*** Opening Data ***

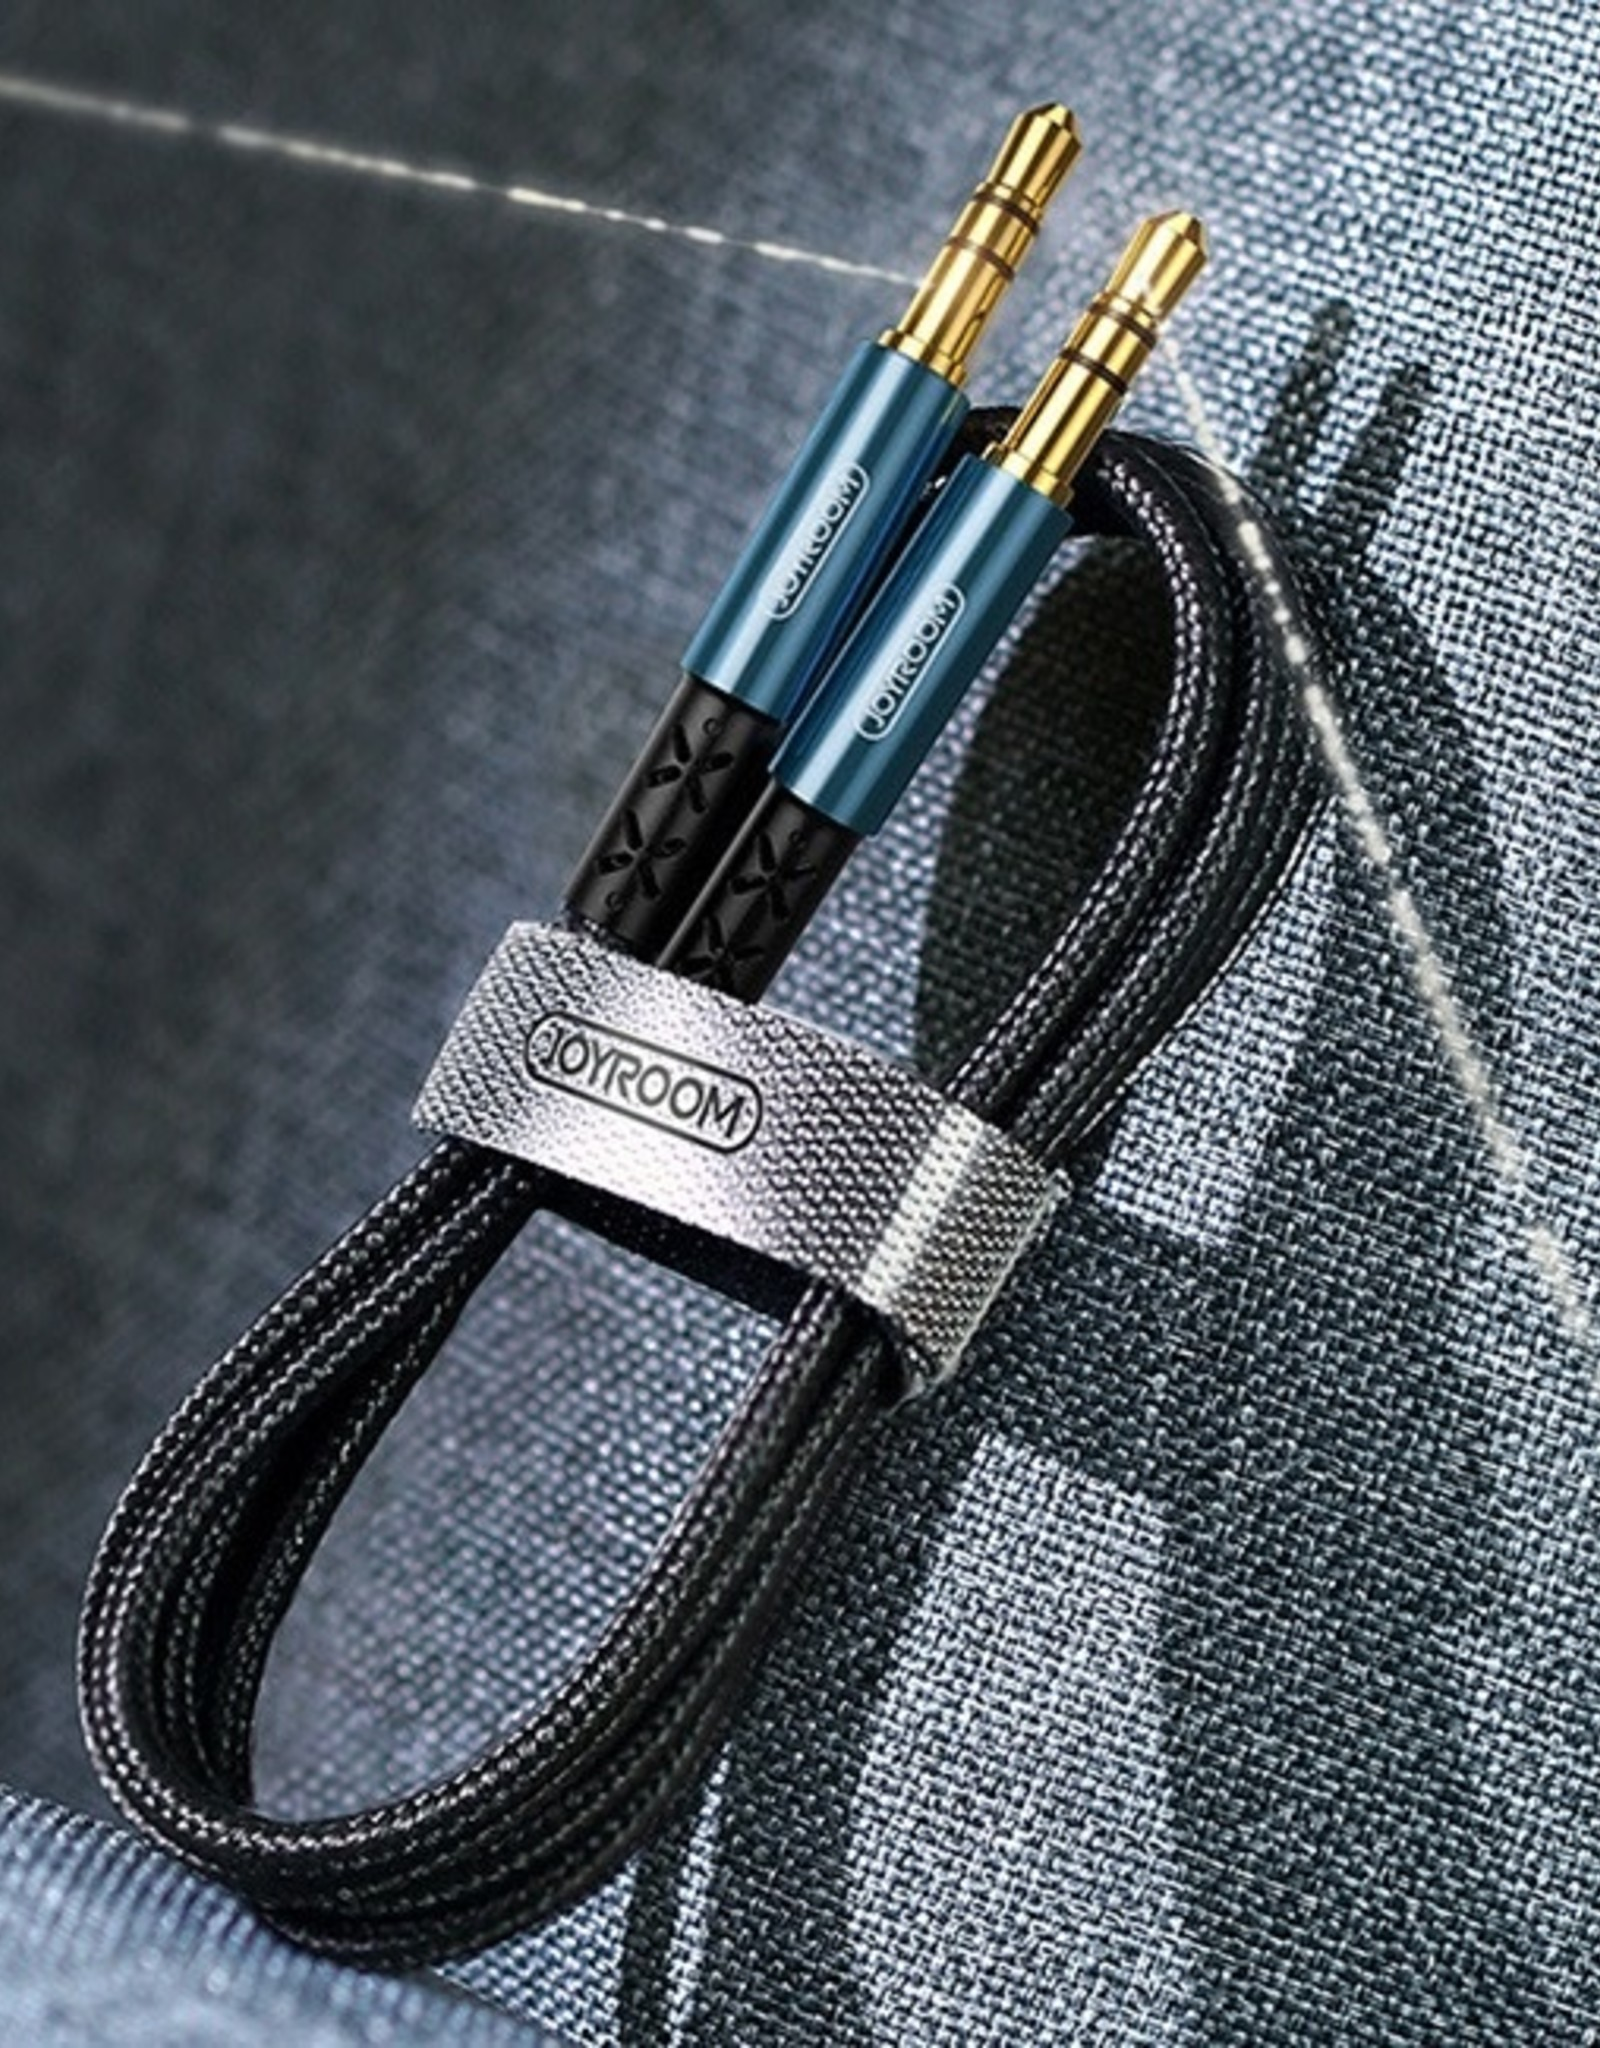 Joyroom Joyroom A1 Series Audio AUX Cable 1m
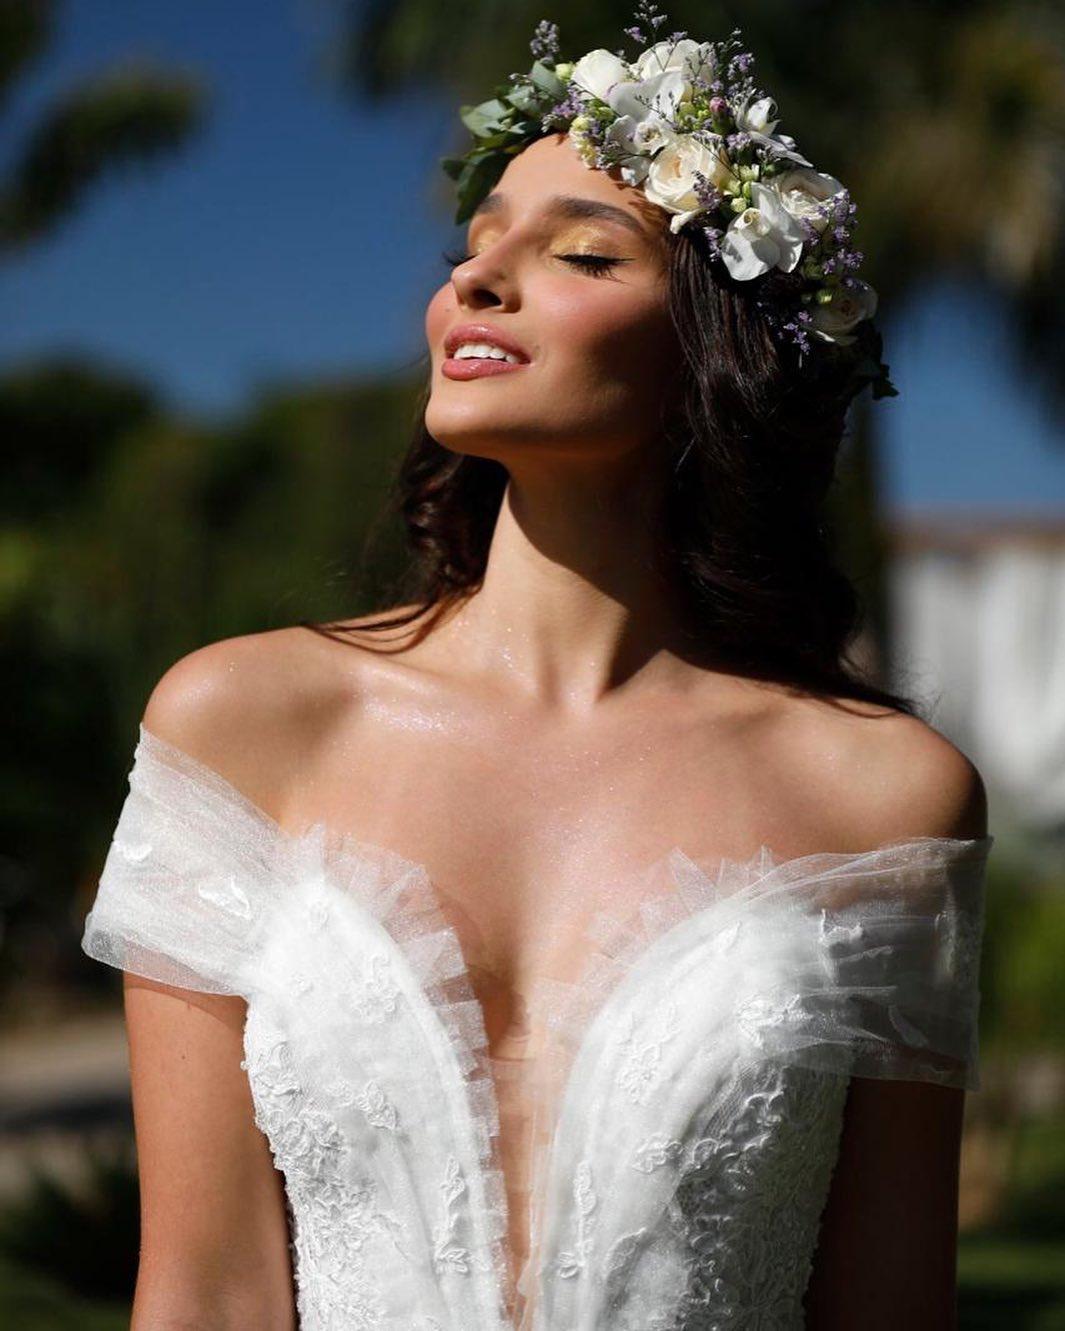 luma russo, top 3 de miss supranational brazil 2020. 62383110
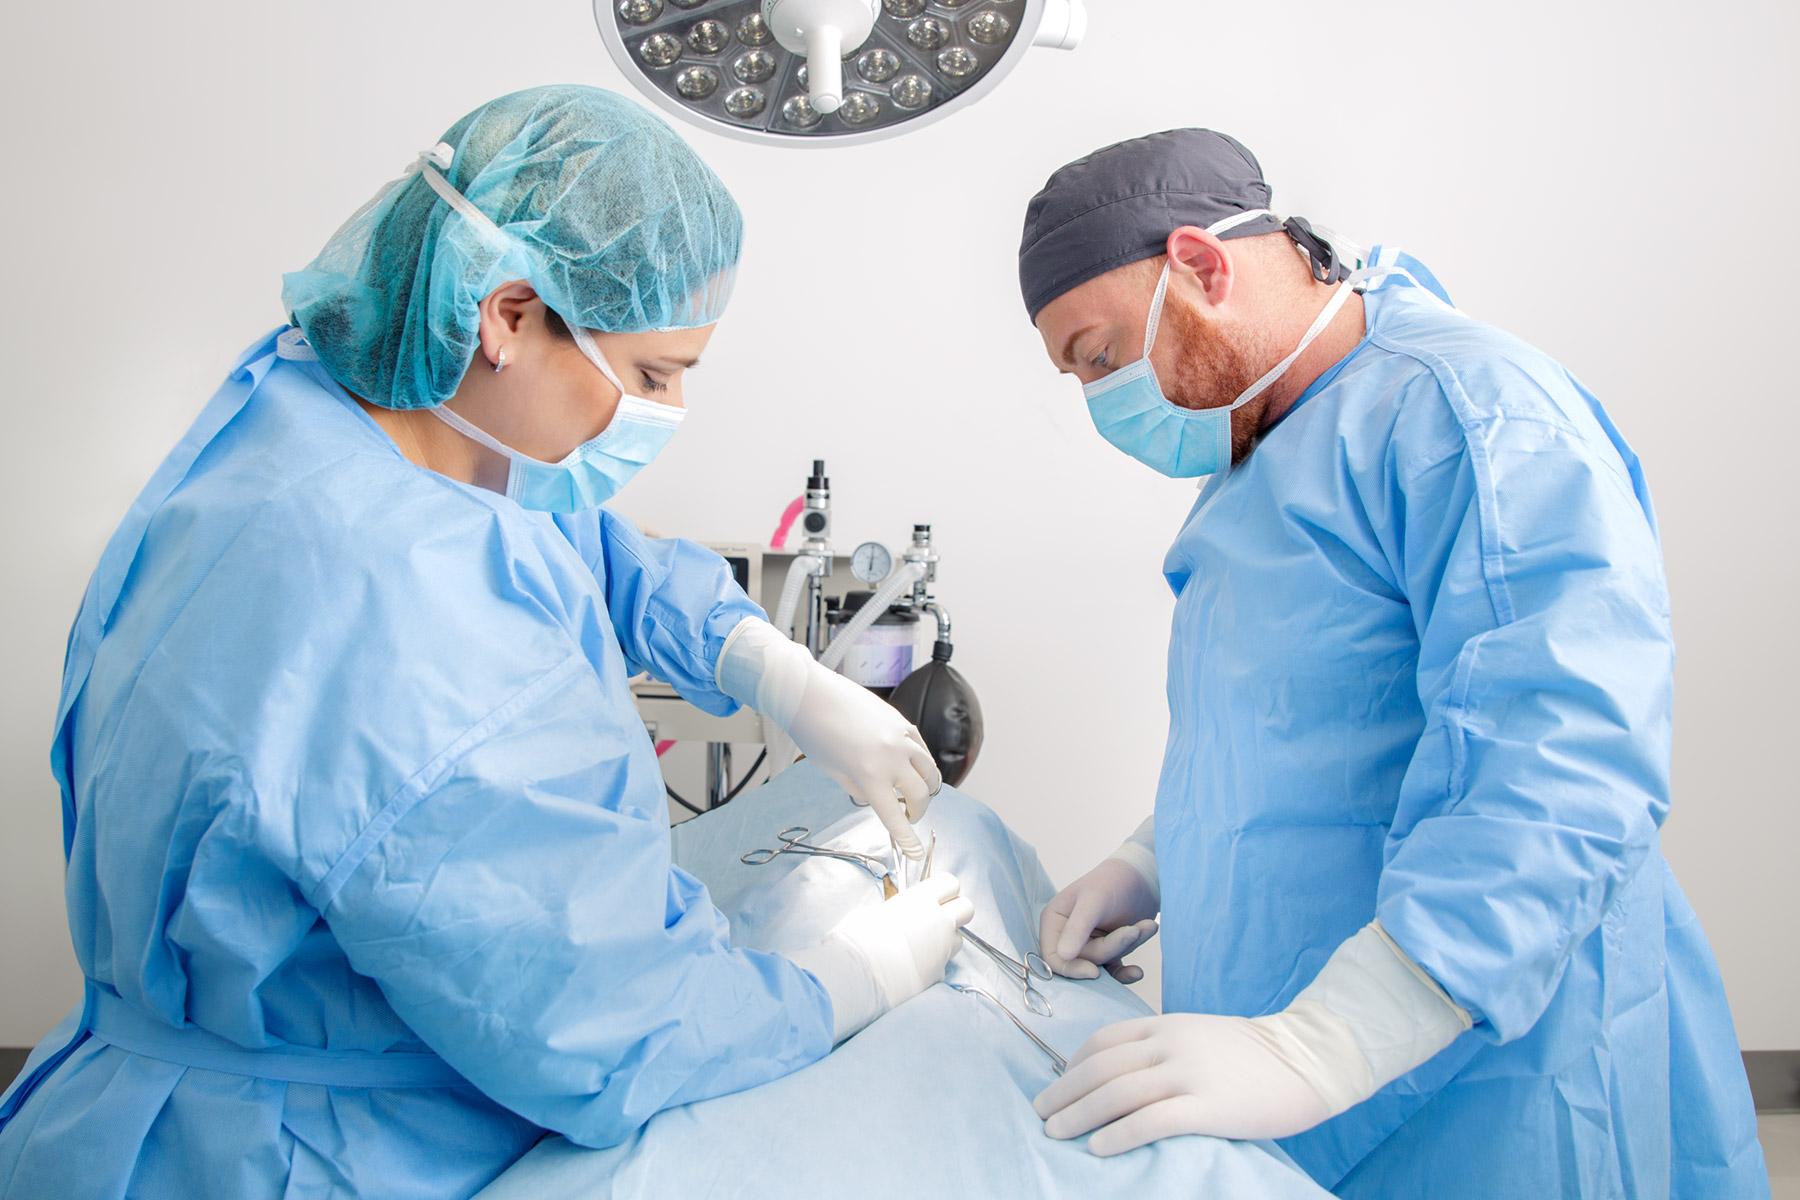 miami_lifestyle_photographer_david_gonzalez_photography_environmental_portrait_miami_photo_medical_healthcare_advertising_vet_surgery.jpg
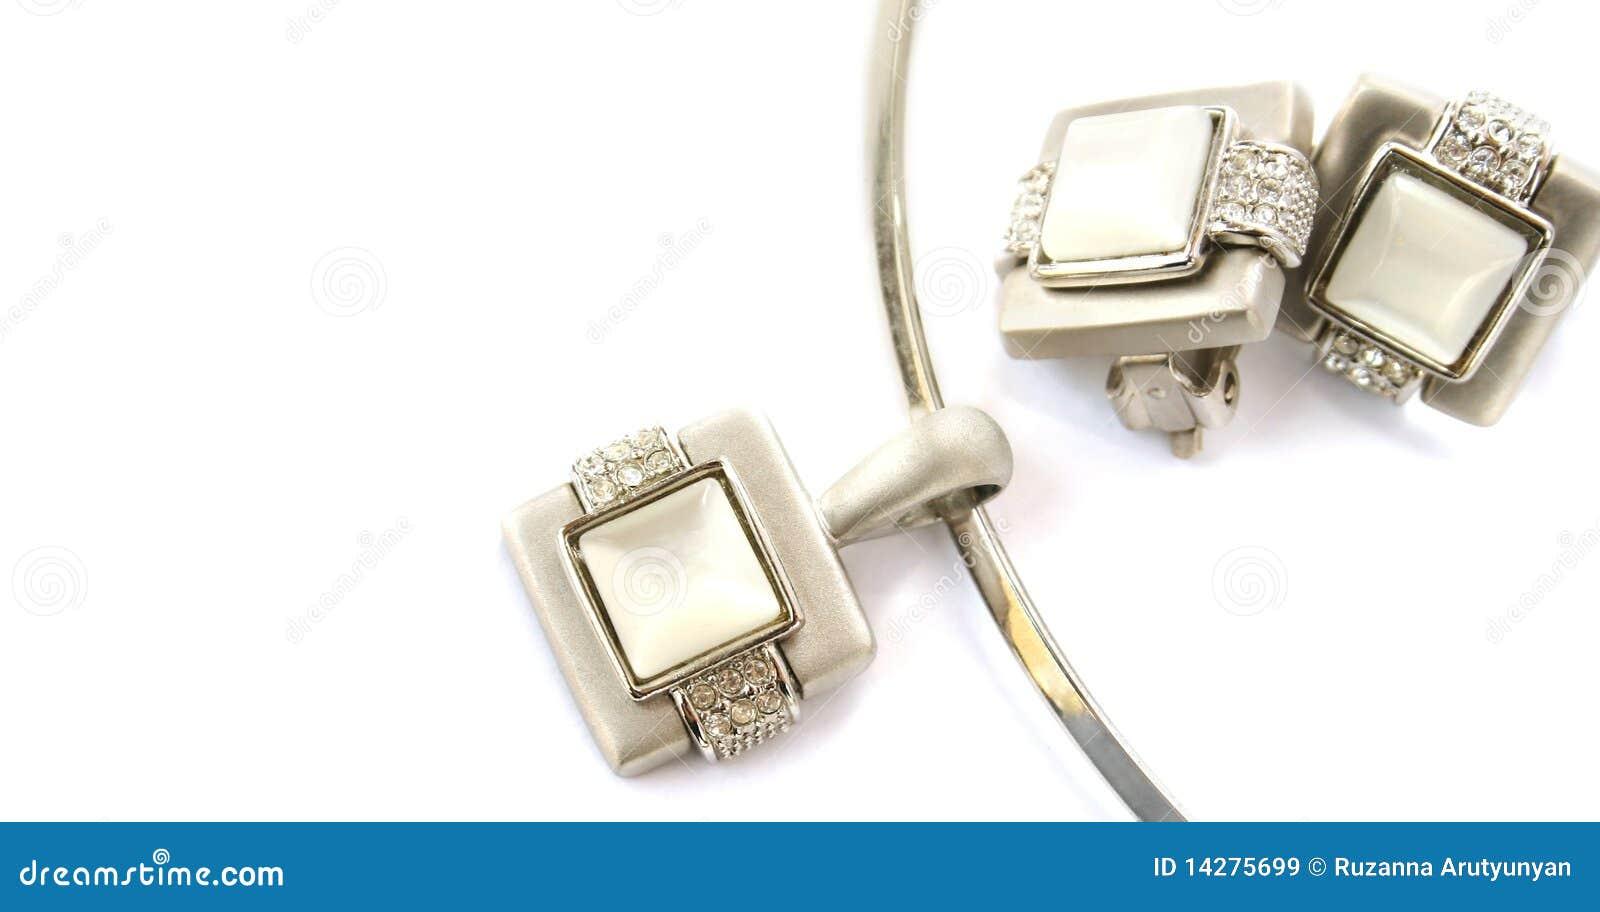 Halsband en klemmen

*** Closing Data ***

What you have to do - Without the pictures, write out all of the material exactly.

Written answer -
 Joyroom Joyroom A1 Series Audio AUX Cable 1m
 luma russo, top 3 de miss supranational brazil 2020. 62383110
 miami_lifestyle_photographer_david_gonzalez_photography_environmental_portrait_miami_photo_medical_healthcare_advertising_vet_surgery.jpg
 Halsband en klemmen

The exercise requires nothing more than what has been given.